TLS 1.3 migration: SSL_set_cipher_list vs SSL_set_ciphersuites and "aliases" of families of cipher like TLSv1.3

Romain GEISSLER romain.geissler at amadeus.com
Wed Apr 1 13:32:53 UTC 2020


> Le 1 avr. 2020 à 15:19, Salz, Rich <rsalz at akamai.com> a écrit :
> 
>>   - Do you think any use for supporting some kind of alias for families of cipher in SSL_set_ciphersuites, like for example "TLSv1.3"
> 
> Suppose someone finds out that chacha/poly is insecure and the IETF issues a new RFC that says "TLS 1.3 MUST NOT use" that cipher.  Should the openssl alias change?
> 
> It can be wordy, but explicitly listing ciphers and not using aliases (HIGH EXPORT etc) is really better.
> 
> As for ease of use, just don't allow the ciphers to be configured.
> 

Hi,

Well, as a user of openssl, in the same scenario, I would draw the exact opposite conclusion ;)

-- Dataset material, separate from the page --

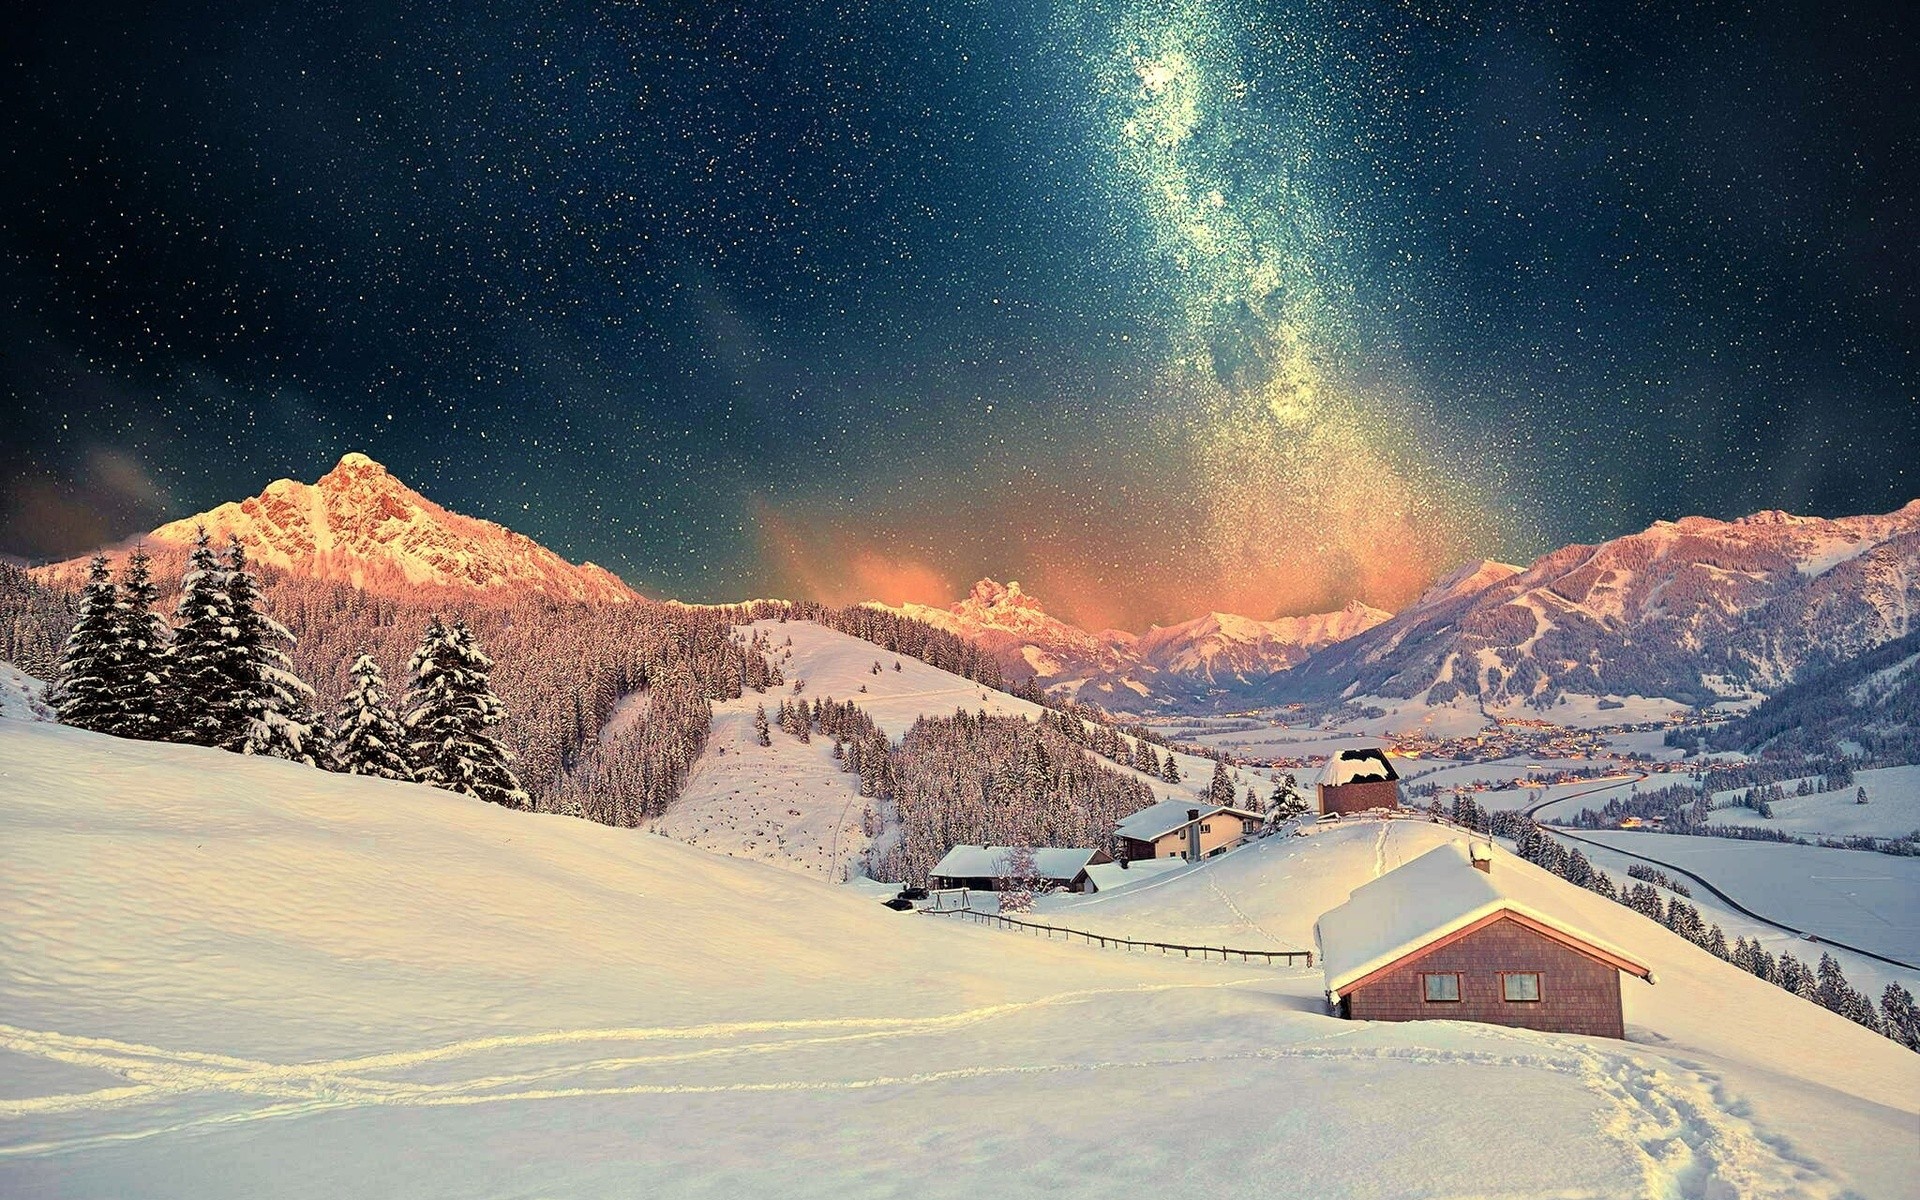 General 1920x1200 pine trees snow stars landscape house night mountains cold outdoors sky
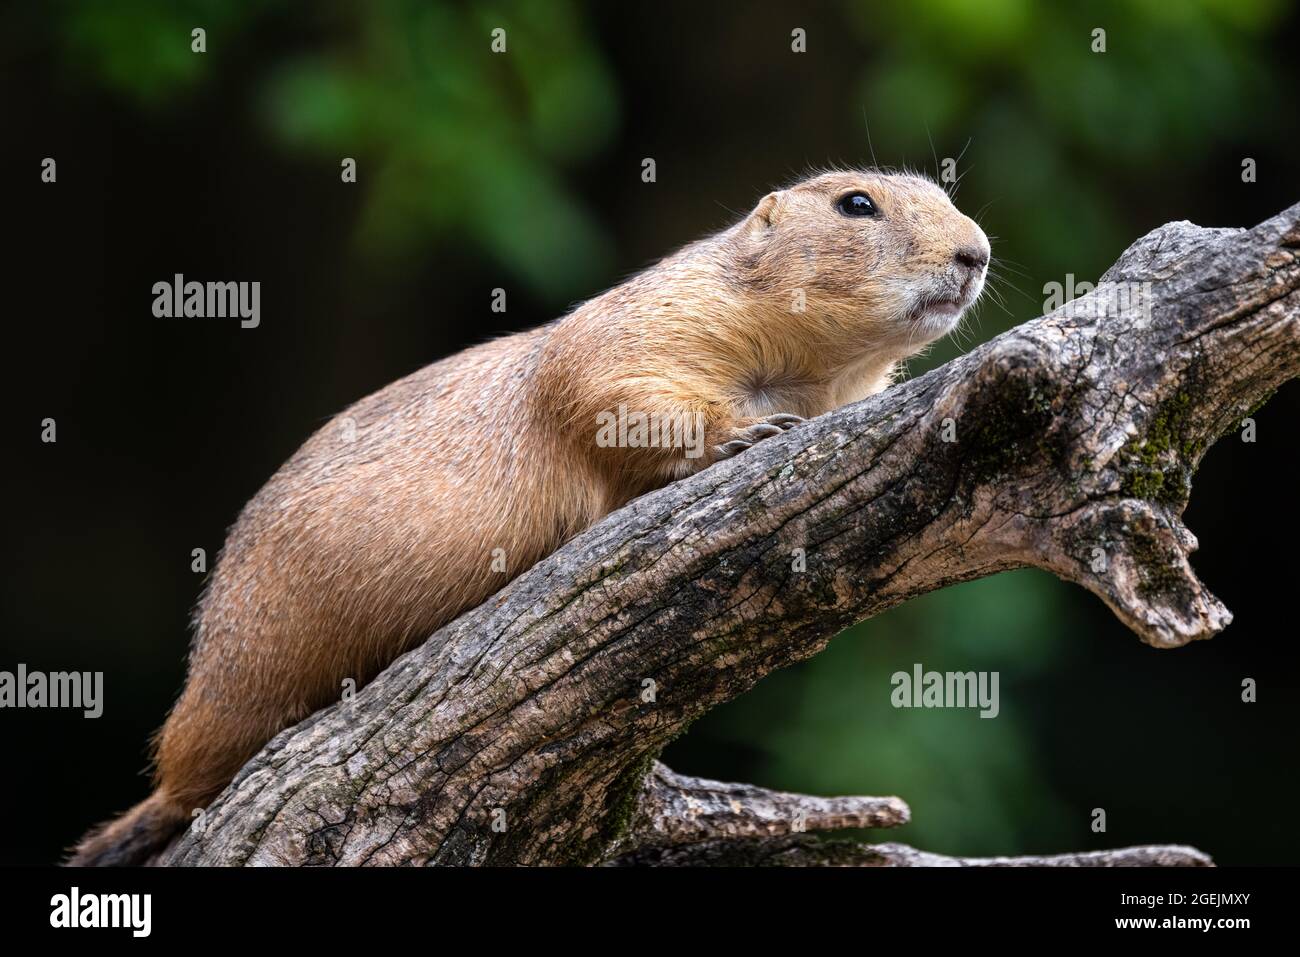 Close up of a prairie dog standing on a wooden branch against a dark bokeh background Stock Photo

Let me elaborate. We as users don’t really know well how secure is a cipher, and we don’t really OpenSSL nor IETF discussions about these details. I am not saying they don’t matter, of course not, but as users, we are not expert of this, and we don’t follow it. However, what we do is follow regularly releases of OpenSSL: when a new stable release is out, we quickly migrate to it. As a user, I would see an added value to define aliases, because I definitely don’t want to hardcode in our config that we explicitly allow the usage of ciper X, Y or Z, as this config might "rot" over time and not follow state of the art config. However I do want to express the fact that I either allow any default ciphers (ie some kind of default config that would be based on OSSL_default_ciphersuites), or that I explicitly want to support the TLS 1.3-compliant ciphers but not the TLS 1.4 ones (if one day 1.4 is out, and for some reason, they can’t use the same set of default ciphers). This way we users express high level needs (ie famillies of ciphers), and you OpenSSL developer ensure the details of it, and make the alias content evolve over time if one day a cipher is found to be weak. So yes to answer your question, the openssl alias name should stay the same, but its actual meaning (ie ciper suite list) should evolve over time.

This is one opinion, from user perspective. At least this is the vision we were used to with cipher lists for TLS <= 1.2, in which we definitely didn’t want to explicitly hardcode a list of ciphers about which we honestly have no idea of their cryptographic security, alias "TLSv1.2" was convenient.